Friday, January 30, 2015

Review: Pretty Ugly: A Novel


Pretty Ugly: A Novel
Pretty Ugly: A Novel by Kirker Butler

My rating: 5 of 5 stars



The debut novel of TV writer and producer, Kirker Butler (Family Guy, Cleveland Show, The Neighbors, Galavant) tackles the world of beauty pageants for children. It focuses on the Millers, a misfit family from the south, whose mom Miranda, has delusions of grandeur for her increasingly disinterested daughter, Bailey. Bailey has had a string of successes on the pageant circuit (which Butler humorously details throughout the novel with details about the decidedly adult prizes she has won, including the name and location of the pageant), but has become so frustrated with the demands placed on her that she is purposely gaining weight and not following the exercise routine her mother has laid out for her. Meanwhile, back at home, Miranda's husband Ray is trying to stave off their ever increasing debt and his own personal demons by working two jobs. One as a nurse at a hospital where he makes a hobby of acquiring and taking any free medication he can find (regardless of its prescribed use) and at a hospice, where he falls under the spell of Courtney, an underage granddaughter of a patient who has a devastating surprise for him. Miranda's mom Joan stays home with Miranda's two boys and homeschools them, while following the instructions of Jesus, who speaks to her directly.

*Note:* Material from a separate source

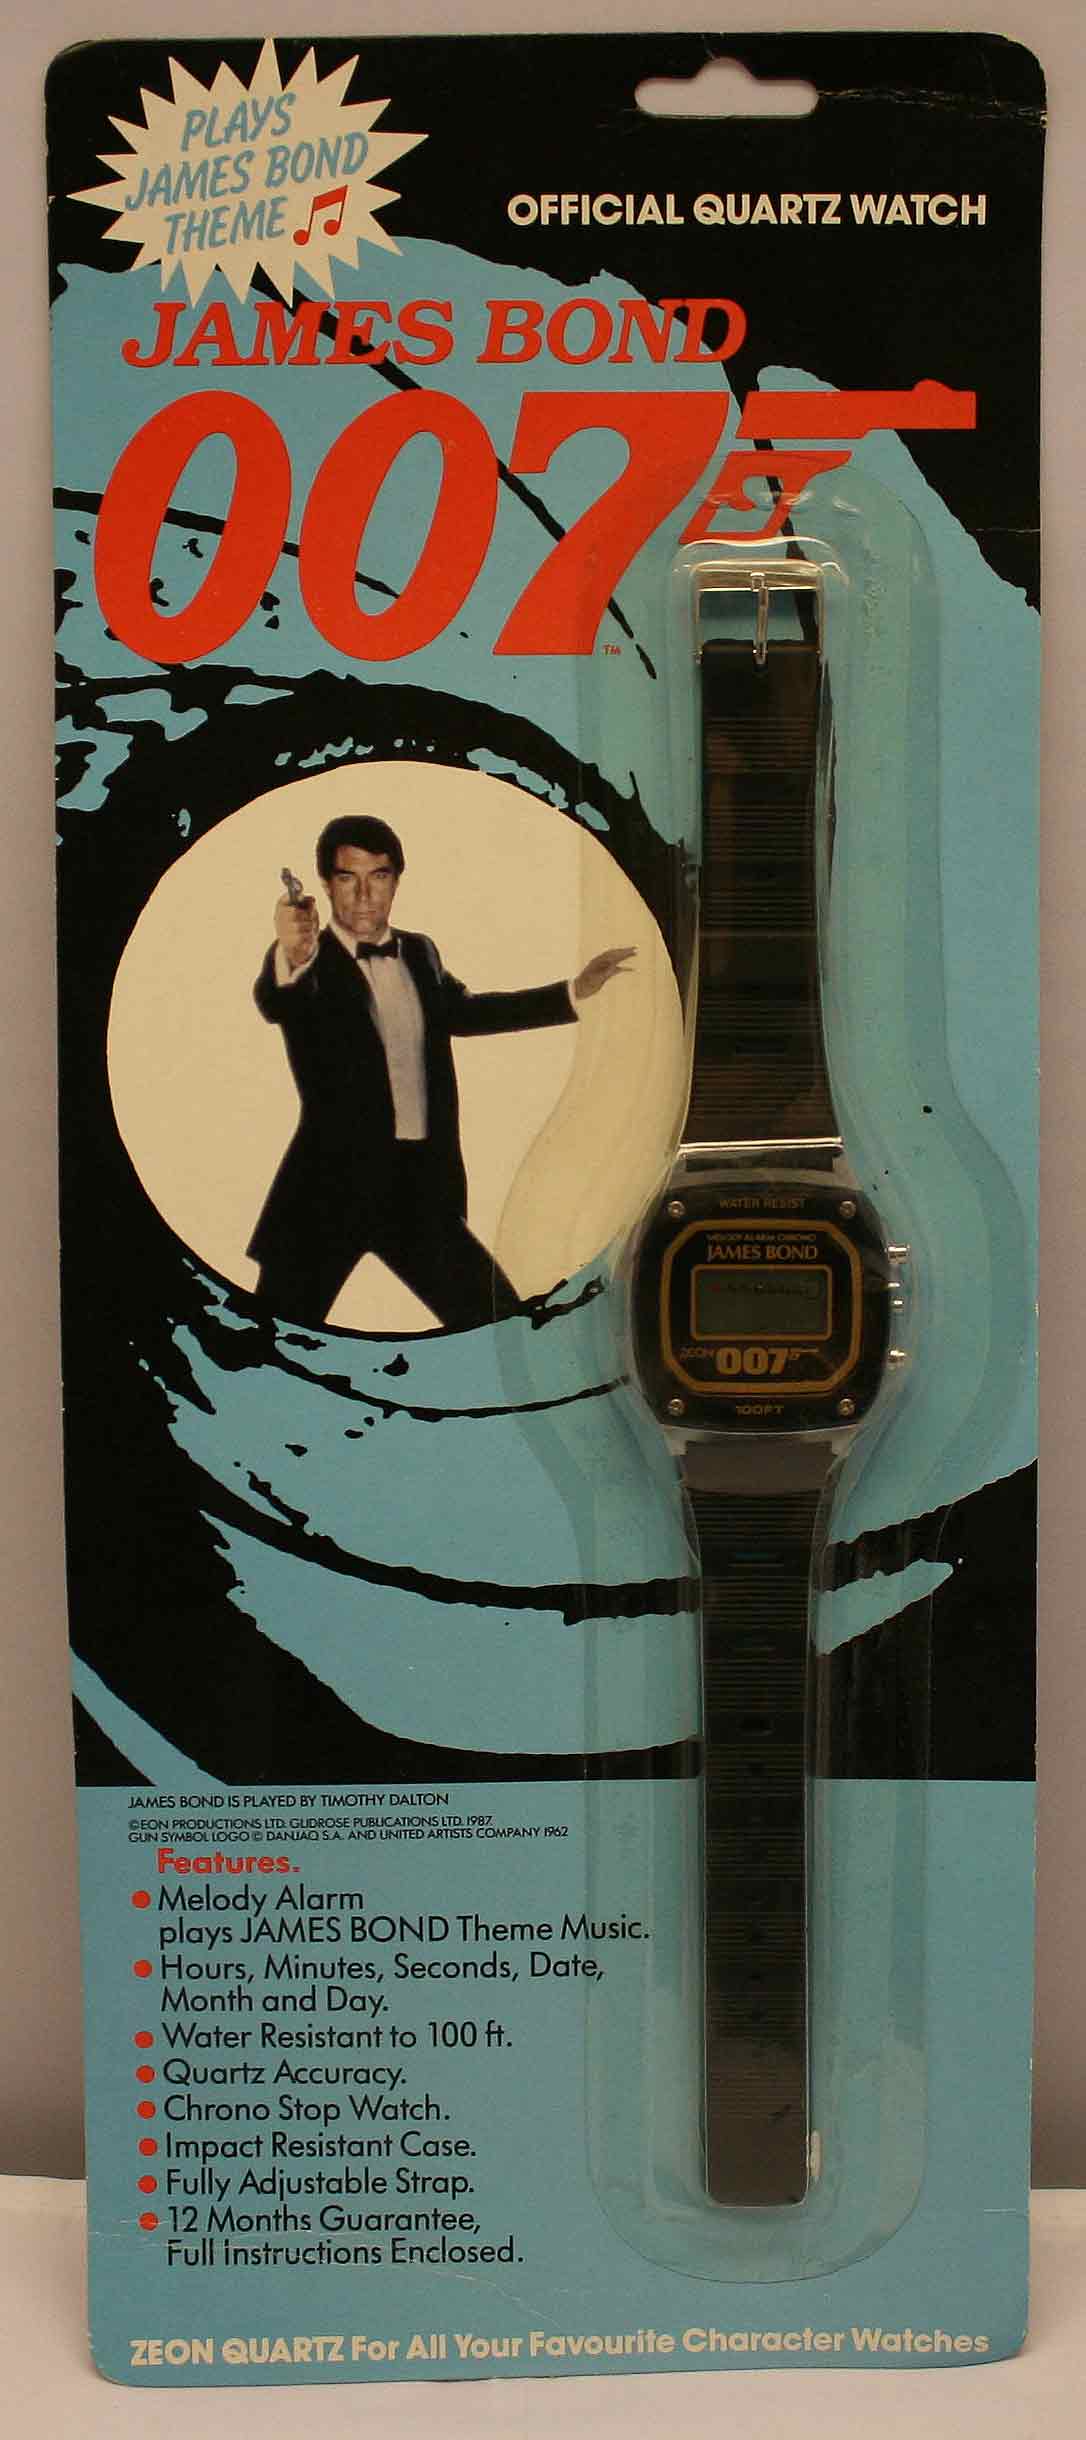 007 digital watch

Butler's TV legacy led me to believe he might go for the easy jokes at the expense of a world that most of us ridicule, but he actually turns these characters into real and likable people. While he doesn't go easy on mocking the rituals and destructive nature of these pageants, Kirker, a Kentucky native, nails the small town dreams and hardships of the people in the area.

I enjoyed Pretty Ugly greatly. It was not the madcap romp I expected, but instead pulls its humor mostly from the details and sharp observations Butler spreads throughout the book. Butler manages to take this group of misfits with some terrible misdeeds and make us care about what happens to all of them. Highly recommended.